Program areas at American Littoral Society
Conservation-american Littoral Society restores ecologically healthy and resilient coastal habitats along the atlantic coast and the Delaware bay region. The Society leads thousands of volunteers in coastal cleanups of the new york state beach shoreline. We plant dunes with corporations, private groups, municipalities, and school groups to protect life, limb and property from dangerous storms. We are working to restore connectivity to coastal watersheds to improve water quality as well as provide passage for migratory fish species. The Society's projects include living shorlines, a method of land stabilization that protects the shoreline from erosion while preserving, enhancing, or creating habitat. The "shuck it don't chuck it" shell recycling program was created by the Society to recycle oyster shells from local restaurants. The shell is returned to the water where it provides a substrate for new oysters. Oyster shells from restaurants ordinarily ends up in landfills. Oyster reefs also provide homes for other marine life and protect shorelines. The Society works with communities, homeowners, and businesses to reduce storm run-off through green storm water management and water friendly landscaping.

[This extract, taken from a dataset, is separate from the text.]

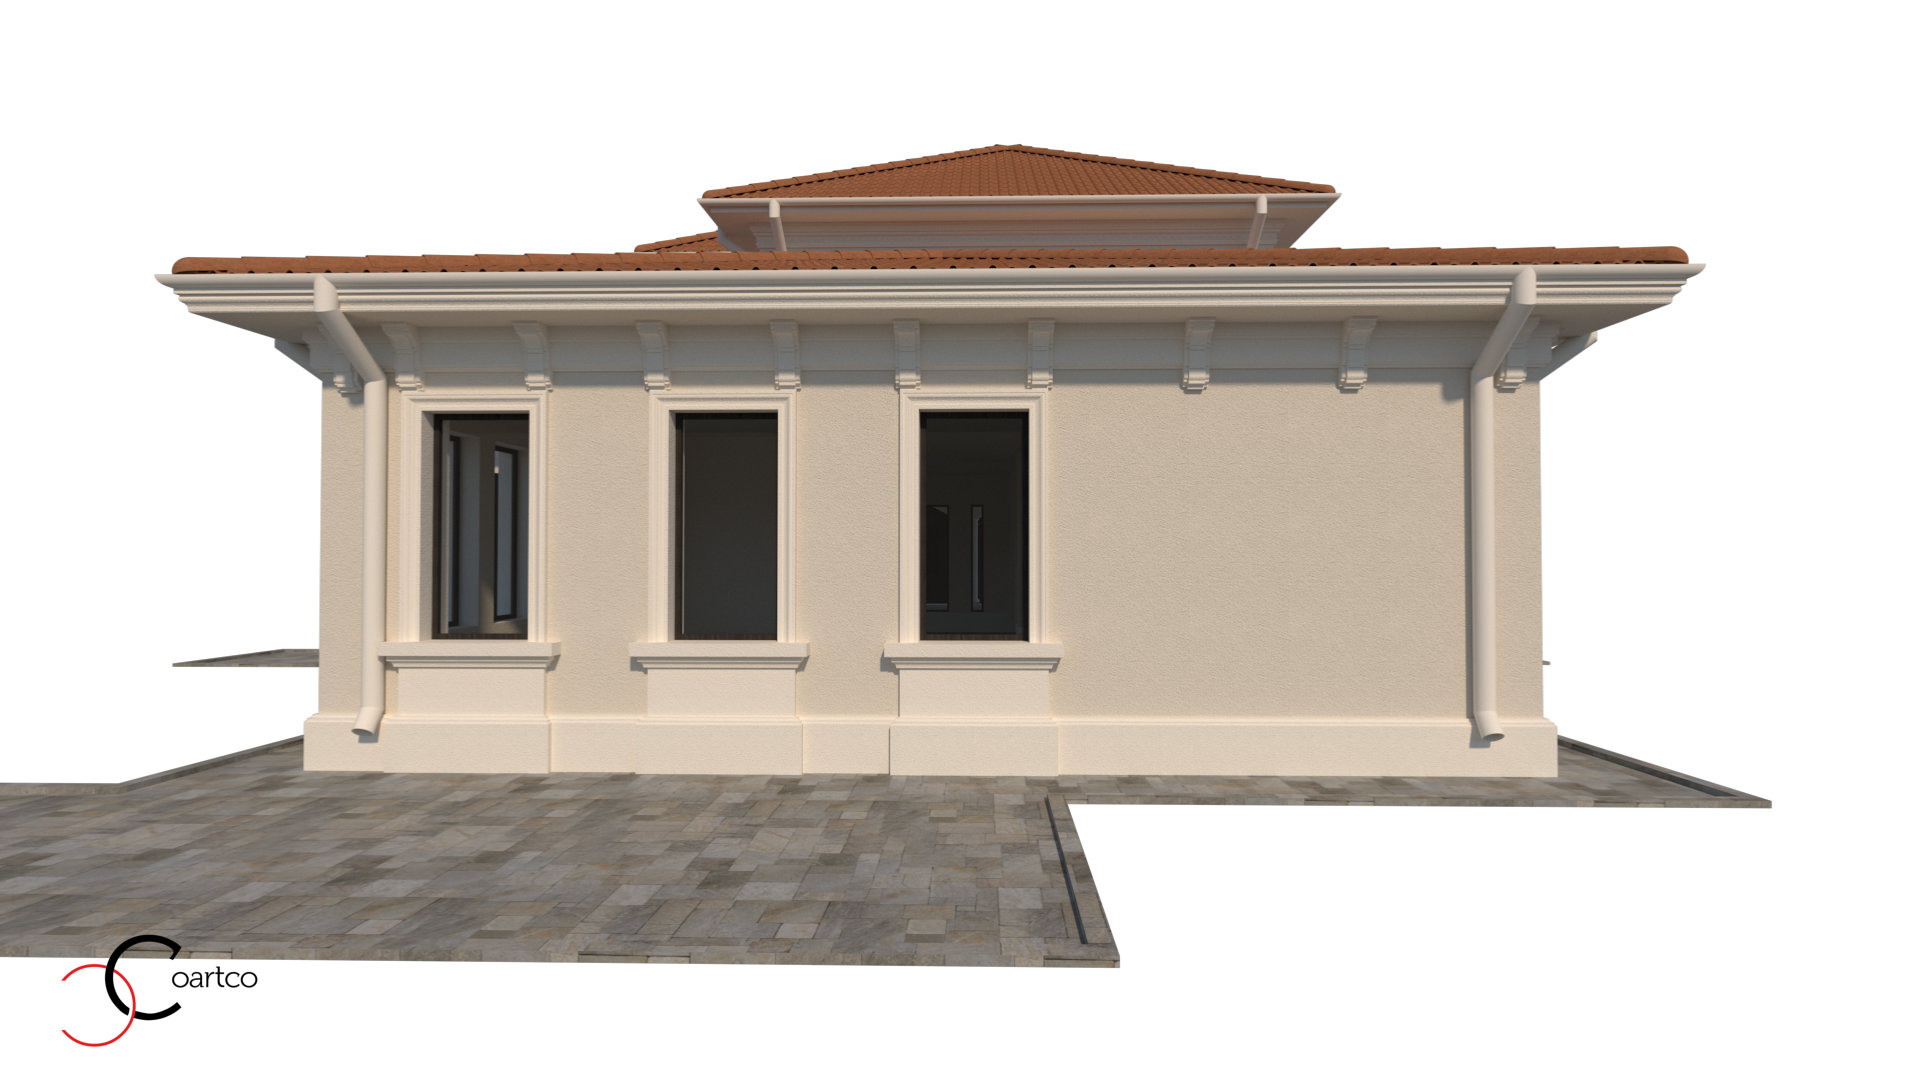 Proiect-casa-profile-coartco

Education-the Society connects people of all ages to the coast through educational nature walks, fishing clinics, field trips, and volunteer opportunities. Our staff naturalists host public programs throughout the year including sunset seining, horseshoe crab walks, surf fishing clinics, bird walks, seal and winter waterfowl walks, and wild edible plant walks. Fish tagging-since the inception of the Society's fish tagging program in 1965, more than 970,000 fish have been tagged by our volunteer taggers. Currently, the program's target species is striped bass and other fish of the Littoral zone, including summer flounder, bluefish, tautog, and black seabass. The program currently has more than 450 active taggers who tag over 15,000 fish per year. Tagging is an important biological method for monitoring fish, because, unlike other animals, they spend almost all of their entire lives out of the sight of researchers. The program aids scientists too as our tagging data is transferred to the database of the national marine fisheries service laboratory.

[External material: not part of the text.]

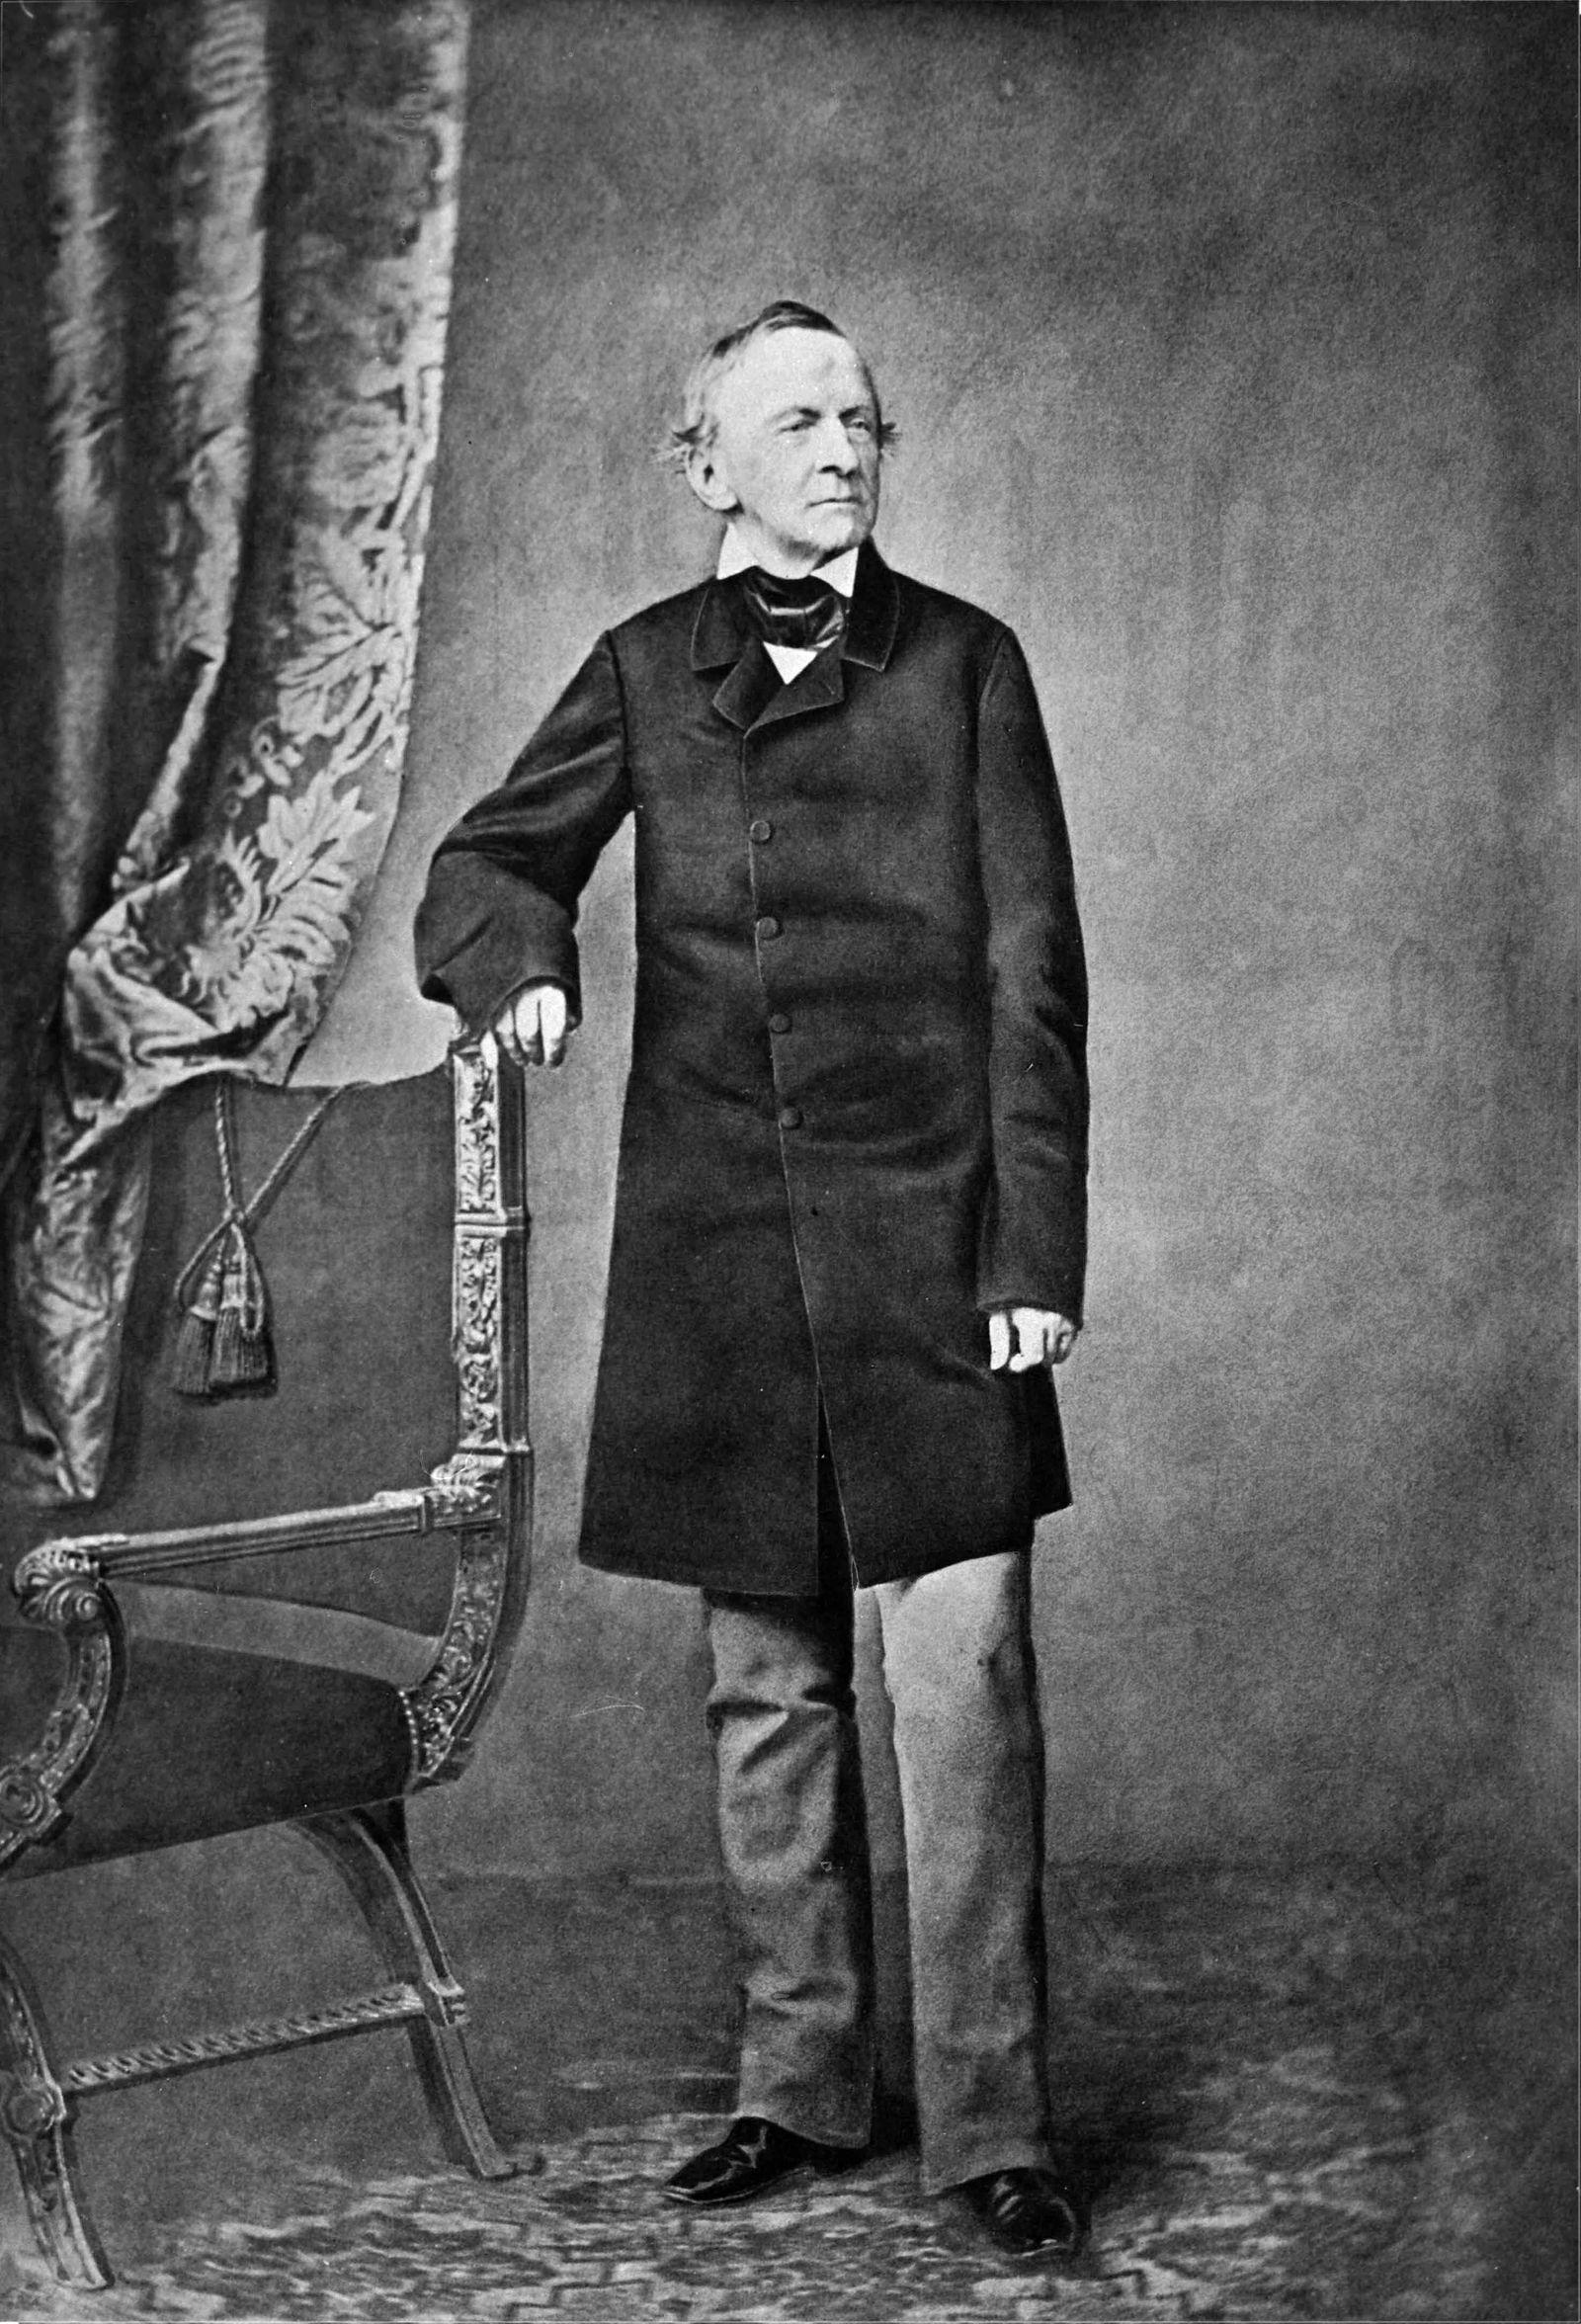 König Ludwig I. von Bayern, nach Rücktritt als König wegen Lola-Montez-Affäre , Fotorafie von Josef Albert 1868. in Mün

Advocacy-everything we do at the Society is about the public trust. The coast belongs to all of us and our advocacy and policy program has been protecting the average person and their stake in the coast for more than 50 years. We speak out for the coast, marine life and its habitats, and for the benefit of diverse coastal communities. Our advocacy is often community based, working on the most pressing problems with the people who are most affected. We seek opportunities to provide the public with the knowledge and tools they need to raise their voices along with us. The main areas of interest where the Society advocates for better public policy to protect the Littoral zone are coastal public access, climate change, coastal land use reform, and natural resource protection. A grant from the william penn foundation is providing support for a study to identify water quality improvement opportunities to reduce bacteria in the 27 mile stretch of the Delaware river flowing past philadelphia, camden, chester and wilmington. Working with people representing all aspects of the river's use, our goal is to develop a "road map" to increase equitable opportunities for swimming and paddling in targeted areas as well as advance community health, public access, and job creation.